FYI: The Turner Fairbank Research Center is an agency of the U.S. Department of Transportation's Federal Highway Administration.

GARVEE vs. Pay-as-you-go - The Federal Highway Administration offers a primer on financing road projects using GARVEEs to finance bonds. FHA also offers a helpful comparison of the advantages and disadvantages of both pay-as-you-go financing and bond financing for major road projects. While pay-as-you-go financing avoid interest costs, is simple, and keeps a state's debt ratio down, the disadvantages include large projects typically are built in multi-year segments so current users are burdened with both the entire project cost and long years of orange construction cones and traffic delays, while project delays may result in cost over-runs and cost inflation. The advantages of bond financing include earlier project completion, no inflation delays, quicker economic development impact, higher user satisfaction and spreading the cost of the project over its useful life.

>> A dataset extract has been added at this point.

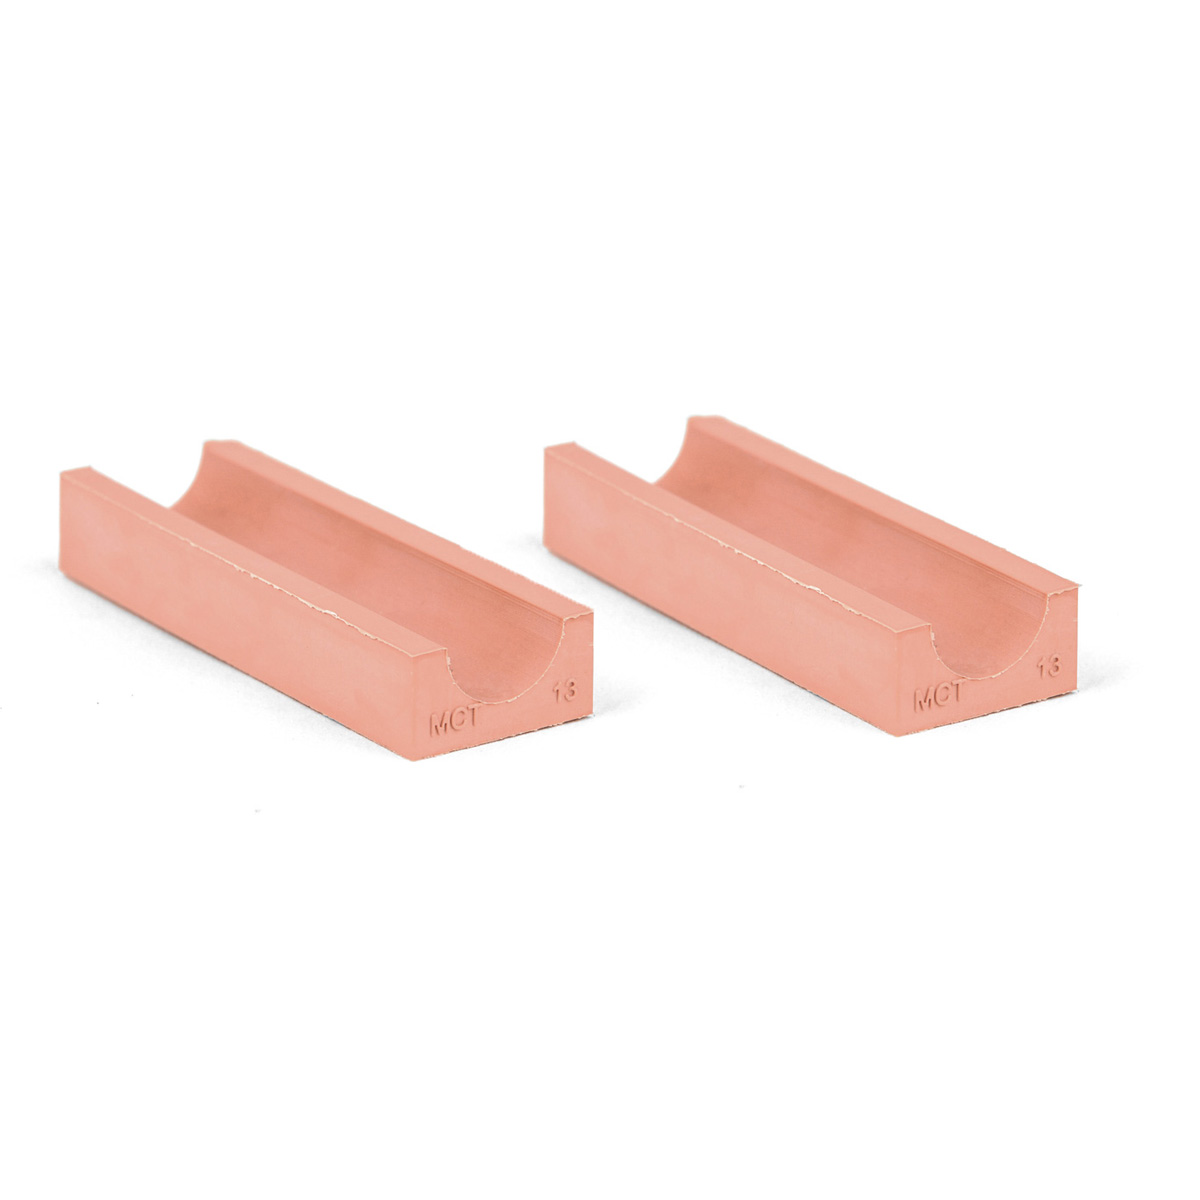 20-13*2 Set of 2 half insert block lycron 30mm, 20-13 for cable/pipe diam. 12.5-13.5mm

InnovativeFinance.org - InnovativeFinance.org is an information clearinghouse about innovations in all areas of surface transportation finance. The site, sponsored by the National Cooperative Highway Research Program, is funded by research monies from the U.S. Government. The web site has a trove of information on traditional and cutting-edge tools for financing new roads and other transportation infrastructure such as GARVEEs, TIFIA, and SIBs.

Paving the Way: A review of the Texas Department of Transportation - I especially recommend Chapter 2, Section 1, which explores in great detail how a state can use innovative financing techniques such as GARVEEs to leverage federal dollars to pay off bonds, enabling the state to accelerate needed road projects without resorting to higher taxes that a pay-as-you-go system would require.

Two advantages of GARVEE bonds over regular bonds:
1. GARVEE bond financing does not require a bond referendum. 2. GARVEE bonds have their own sources of repayment and therefore do not count toward a state’s statutory debt limit.

Texas' comptroller calculates that GARVEEs would accelerate projects, easing congestion sooner and improving the ability of businesses to transport goods and services, and thus "have a positive and profound immediate economic impact on the Texas economy." In fact, the comptroller estimates that by issuing $1.1 billion in GARVEEs to immediately construct projects that, under a pay-as-you-go system would otherwise take 15 years to complete, "these projects would economically benefit the state some $1.7 billion more, over 30 years, than if they were delayed by the present pay-as-you-go system." Amazingly, the positive economic benefit "even takes into account debt service payments."